Most bakeries sell baguette sandwiches and a few also offer strong coffee and every now and again you find one that also sells fresh fruit shakes. There is nothing like a mango shake or a creamy coconut shake for a sore throat.

I head back to my hotel, intending to lie down for a short time after my baguette dinner. There is a market that sets up on the banks of the Mekong, not far from my hotel, every night and I have heard that Laotian beer is the best in the region. But the moment my body hits the bed, my first day in Laos is over. I fall into a deep sleep that takes me all the way until morning.

Something in the mirror catches my eye as I am taking a shower. I turn around to get a closer look. My back looks like a spotted leopard. I am covered in black spots from the shot glass massage. Back hickeys… lots and lots of back hickeys.

My wandering begins. I wander to the baguette store for my breakfast and coffee and to the morning market, Talat Sao. I wander through the market up and down stairs, past electronics and textiles and cell phones and jewelry. I wander to the city’s most famous temple, Wat Si Saket, and pass slowly in front of the rows and rows of Buddha statues under the tiled roof of the ancient temple.

I make a mistake and walk all the way across the city before I realize I’m going the wrong way and retrace my steps.

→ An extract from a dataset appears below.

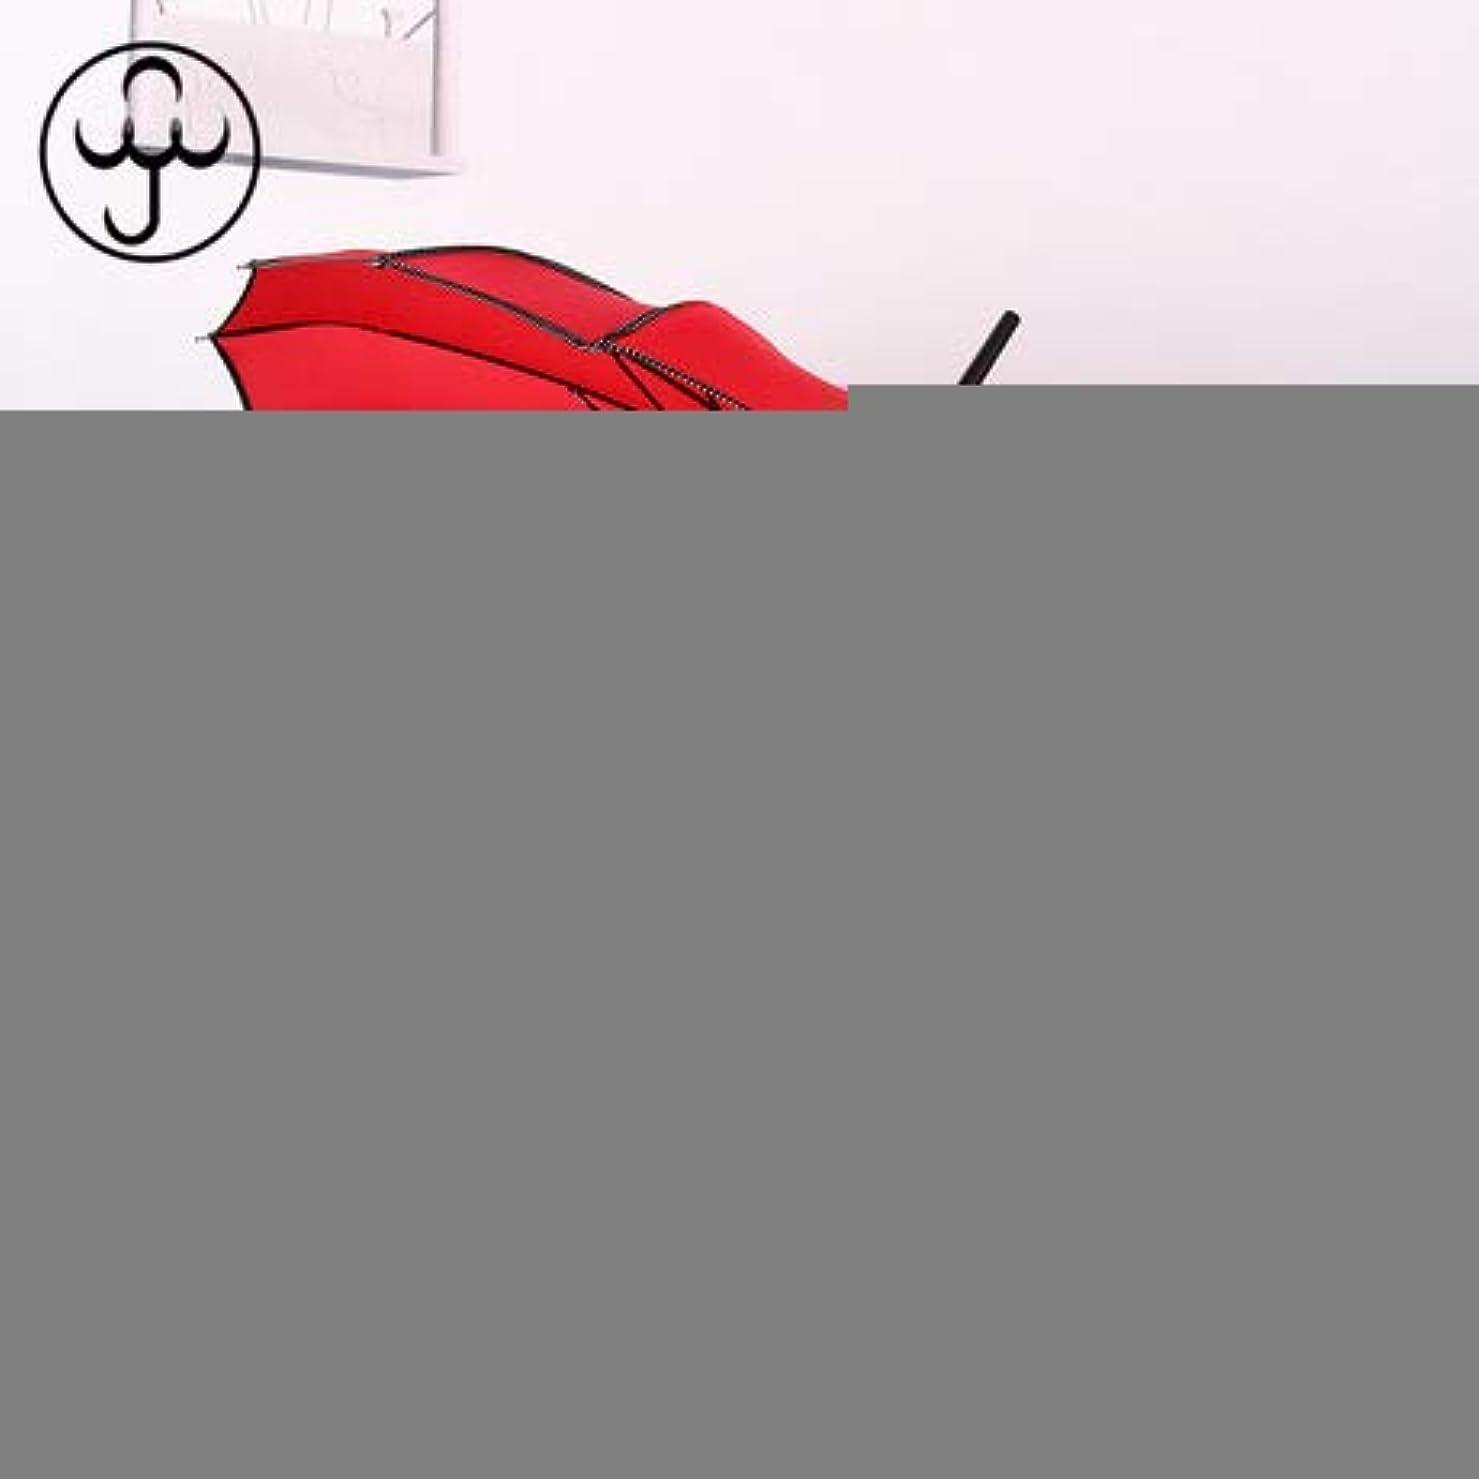 アクセントチャット独創的16 kロングハンドルストレート花嫁ブライダル傘屋外サンシェード傘エッジングパゴダ傘赤 56cm*16k

I spend some time in the shade of the Laotian version of the Arc de Triomphe, Patuxay.

Patuxay is in the middle of a large round about and from there I intended to walk up one of the connecting streets to the Thai embassy. Unfortunately I took the wrong one and ended up walking a long way through a very un-scenic neighborhood before I realized my mistake.

This time as I retraced my steps I spent more time thinking just what was going wrong with my head. The answer: water. So I sat in the shade of Patuxay for a while and kicked back a liter of water, sweat cooling on my body and the sun radiating from my skin.

There was no line to pick up visas, and things were quite calm when I arrived and scooped up my passport from the embassy counter. I flipped the pages and found what I needed: permission to stay in Thailand just a little longer.

I grabbed another bottle of water and walked back to the bus station where I found a bus to the Buddha Park.

The Buddha Park is this place on the banks of the Mekong where a rich guy with a little too much concrete decided to build a tourist attraction. He made a bunch of concrete statues depicting Hindu and Buddhist creatures. Falling into decay, with vines around the statues, it actually manages to look a little mysterious at times. However, the Mekong has risen in the past week and flooded part of the park, making huge stagnant pools that smell worse than crap. The park in the end, is just plain bizarre.

Because its bizarre, I love it, and laugh my way through the statues, the mud and the mosquitoes. I laugh my way back to Vientiane, over the dusty bumpy road and back to the baguettes.

I walk back to my hotel along the river, or rather, next to the sandbags set up beside the Mekong to stop the flooding. There is no market that night because the water has flooded out some of the market area, but I watch the sun set over the water and then take a bottle of Lao Beer home to drink from my balcony.

On my final day in Vientiane, I spend a lot of time drinking strong coffee (almost too strong to drink) and savoring baguettes. I walk up to the country’s largest market and spend a lot of time wandering through the aisles, past heaps of slaughtered meat and still jumping fish, past piles of mushrooms and heaps of chilies. I sit and watch traffic go by with a fruit shake for almost an hour.

But finally, I have to pack up, make the trip back to the border and get back to Thailand. I take an overnight bus that evening from Nong Khai to Bangkok, spend Sunday in Bangkok running errands and watching movies, and a night bus back to Mae Sot. I arrive at 4am back home, to the familiar land of cats and cuddles, ready to start work and begin teaching at 8am that day.

2 comments:

Adam said...

so..this was just for getting a visa, or did your trip to laos begin then?

jenny.jojo said...

Unfortunately, just for the visa but i would love to spend more time in Laos. Others seem happy to whip across the border and get home as fast as they can. I would have liked to have kept wandering... but alas, I had a class to teach on Monday morning.